Top of Data for processing

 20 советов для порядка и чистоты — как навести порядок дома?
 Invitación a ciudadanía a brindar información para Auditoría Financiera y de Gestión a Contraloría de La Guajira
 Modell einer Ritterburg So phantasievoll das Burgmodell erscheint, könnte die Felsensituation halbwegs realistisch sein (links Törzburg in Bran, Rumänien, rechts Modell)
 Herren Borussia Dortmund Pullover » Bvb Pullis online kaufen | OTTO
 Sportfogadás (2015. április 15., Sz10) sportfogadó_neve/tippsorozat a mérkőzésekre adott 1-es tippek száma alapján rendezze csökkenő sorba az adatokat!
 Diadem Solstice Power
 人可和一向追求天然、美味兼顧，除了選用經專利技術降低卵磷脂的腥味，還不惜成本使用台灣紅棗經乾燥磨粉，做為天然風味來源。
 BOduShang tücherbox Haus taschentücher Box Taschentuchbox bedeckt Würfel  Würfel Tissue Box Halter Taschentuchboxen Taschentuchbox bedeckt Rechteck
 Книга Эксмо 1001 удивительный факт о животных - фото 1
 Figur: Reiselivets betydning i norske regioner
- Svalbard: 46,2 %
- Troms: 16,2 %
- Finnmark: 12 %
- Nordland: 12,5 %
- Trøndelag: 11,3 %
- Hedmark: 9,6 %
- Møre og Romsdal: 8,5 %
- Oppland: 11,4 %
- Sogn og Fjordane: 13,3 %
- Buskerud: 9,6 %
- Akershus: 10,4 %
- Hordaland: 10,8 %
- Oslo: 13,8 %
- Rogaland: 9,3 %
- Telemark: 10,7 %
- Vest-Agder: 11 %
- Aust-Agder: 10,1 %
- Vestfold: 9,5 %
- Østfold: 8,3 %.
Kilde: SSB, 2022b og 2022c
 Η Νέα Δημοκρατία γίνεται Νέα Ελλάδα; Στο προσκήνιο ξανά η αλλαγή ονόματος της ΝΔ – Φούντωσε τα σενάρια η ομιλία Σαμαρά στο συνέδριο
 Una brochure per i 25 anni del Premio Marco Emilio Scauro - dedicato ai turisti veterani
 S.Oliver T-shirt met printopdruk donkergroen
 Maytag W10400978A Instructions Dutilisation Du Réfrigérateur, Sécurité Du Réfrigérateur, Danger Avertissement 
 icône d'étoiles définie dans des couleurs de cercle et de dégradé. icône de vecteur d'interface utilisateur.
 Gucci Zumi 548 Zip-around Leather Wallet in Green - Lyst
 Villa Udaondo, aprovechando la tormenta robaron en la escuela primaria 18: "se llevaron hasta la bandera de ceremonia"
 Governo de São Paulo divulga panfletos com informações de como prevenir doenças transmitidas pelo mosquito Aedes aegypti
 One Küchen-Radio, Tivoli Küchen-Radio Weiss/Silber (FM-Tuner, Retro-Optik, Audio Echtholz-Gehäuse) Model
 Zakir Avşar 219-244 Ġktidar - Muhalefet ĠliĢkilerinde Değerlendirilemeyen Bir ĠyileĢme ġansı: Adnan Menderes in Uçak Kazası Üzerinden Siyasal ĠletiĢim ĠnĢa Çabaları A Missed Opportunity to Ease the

Bottom of Data for processing

■ Task goal ■
Retype, exactly and in full, the lines above from the one containing "- Hordaland: 10,8 %" through the one containing "Η Νέα Δημοκρατία".

■ Response for this exercise ■
- Hordaland: 10,8 %
- Oslo: 13,8 %
- Rogaland: 9,3 %
- Telemark: 10,7 %
- Vest-Agder: 11 %
- Aust-Agder: 10,1 %
- Vestfold: 9,5 %
- Østfold: 8,3 %.
Kilde: SSB, 2022b og 2022c
 Η Νέα Δημοκρατία γίνεται Νέα Ελλάδα; Στο προσκήνιο ξανά η αλλαγή ονόματος της ΝΔ – Φούντωσε τα σενάρια η ομιλία Σαμαρά στο συνέδριο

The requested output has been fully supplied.